Jennifer deposited \( \$ 3200 \) into an account earning \( 4.2 \% \), compounded monthly. Assuming no withdrawals or deposits are made, how long will it take for the investment to grow to \( \$ 10,000 \). Rounded to the nearest hundredth.

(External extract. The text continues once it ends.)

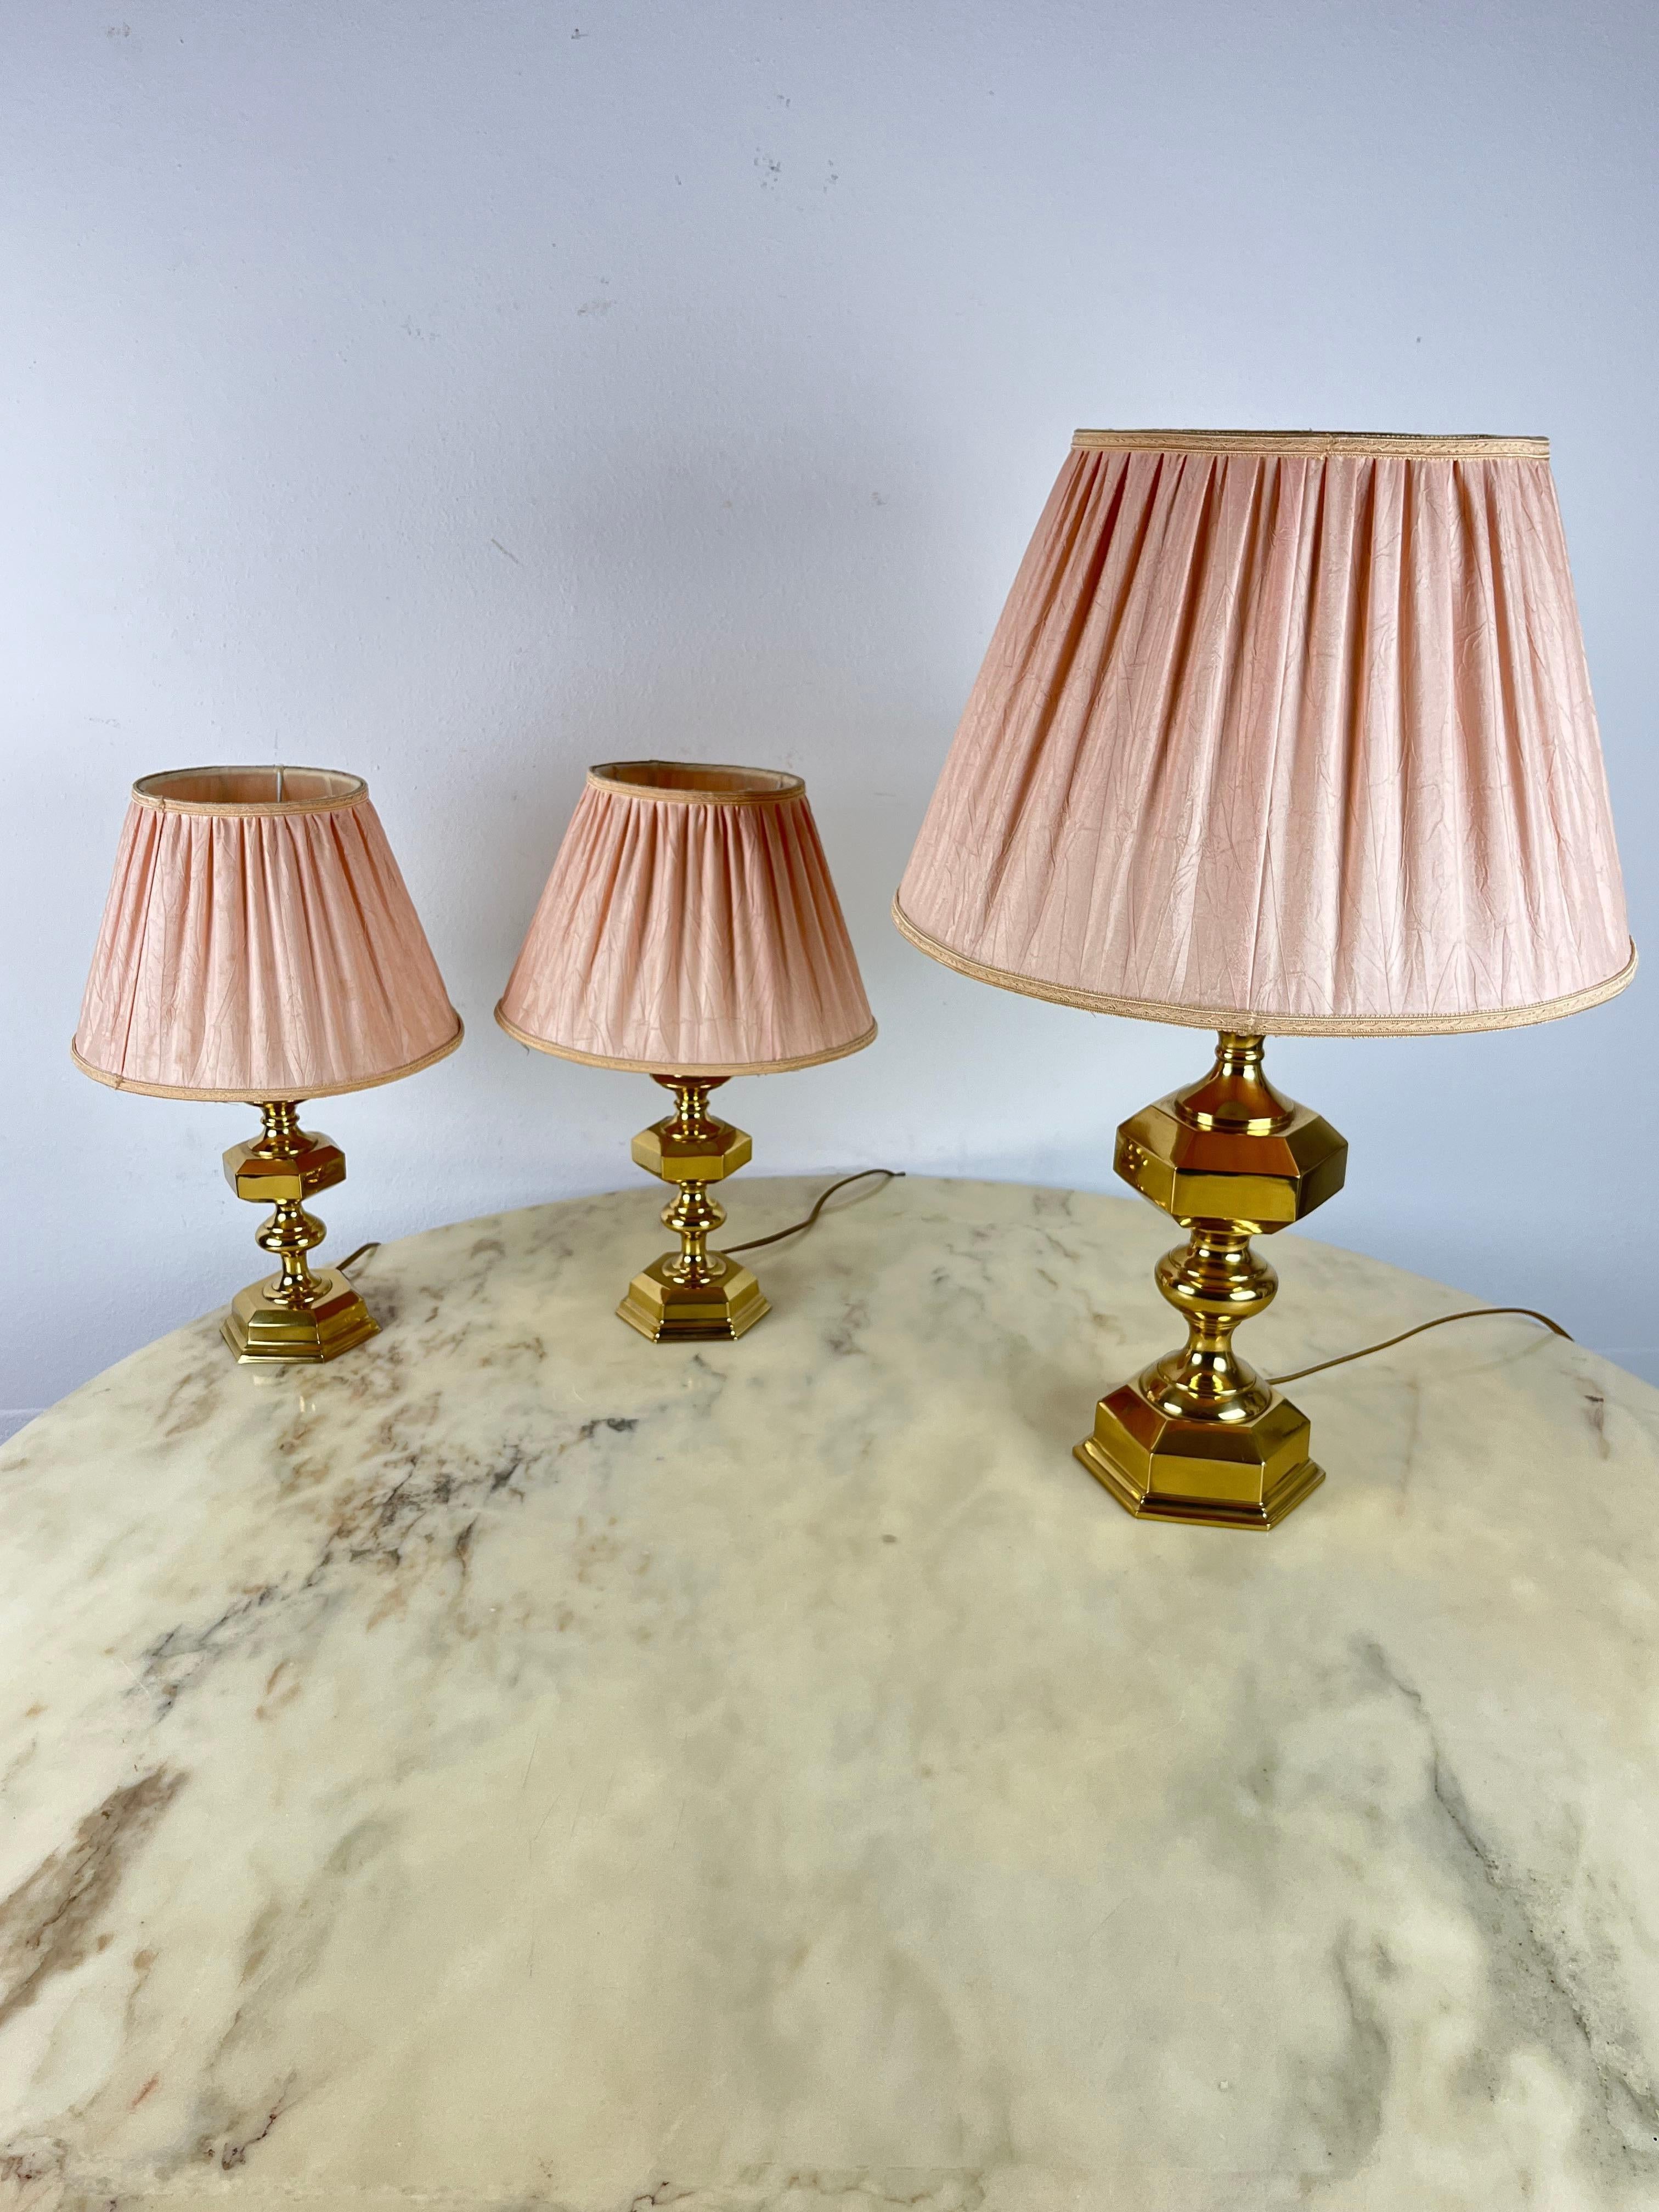 Ensemble de 3 lampes de table italiennes en laiton, années 1980
Trouvés dans un appartement noble, ils sont intacts et en état de marche. Ils peuvent être utilisés dans une chambre à coucher. Le plus grand fonctionne avec une lampe E14 et mesure 40

To find out how long it will take for Jennifer's investment to grow from \( \$ 3200 \) to \( \$ 10,000 \) at an interest rate of \( 4.2\% \) compounded monthly, we can use the formula for compound interest: \[ A = P \left(1 + \frac{r}{n}\right)^{nt} \] Where: - \( A \) is the amount of money accumulated after n years, including interest. - \( P \) is the principal amount (the initial amount of money). - \( r \) is the annual interest rate (decimal). - \( n \) is the number of times that interest is compounded per year. - \( t \) is the number of years the money is invested for. Plugging in the values, we have: - \( A = 10000 \) - \( P = 3200 \) - \( r = 0.042 \) - \( n = 12 \) Substituting these into the formula gives us: \[ 10000 = 3200 \left(1 + \frac{0.042}{12}\right)^{12t} \] Simplifying the calculation: 1. Calculate \( 1 + \frac{0.042}{12} = 1 + 0.0035 = 1.0035 \). 2. Divide both sides by \( 3200 \): \[ \frac{10000}{3200} = \left(1.0035\right)^{12t} \] \[ 3.125 = 1.0035^{12t} \] 3. Now, take the logarithm of both sides: \[ \log(3.125) = 12t \cdot \log(1.0035) \] 4. Solve for \( t \): \[ t = \frac{\log(3.125)}{12 \cdot \log(1.0035)} \] 5. Calculate the logarithms: Using a calculator: - \( \log(3.125) \approx 0.4948 \) - \( \log(1.0035) \approx 0.00152 \) Substitute these values: \[ t \approx \frac{0.4948}{12 \cdot 0.00152} \approx \frac{0.4948}{0.01824} \approx 27.16 \] So, it will take approximately **27.16 years** for Jennifer's investment to grow to \( \$ 10,000 \).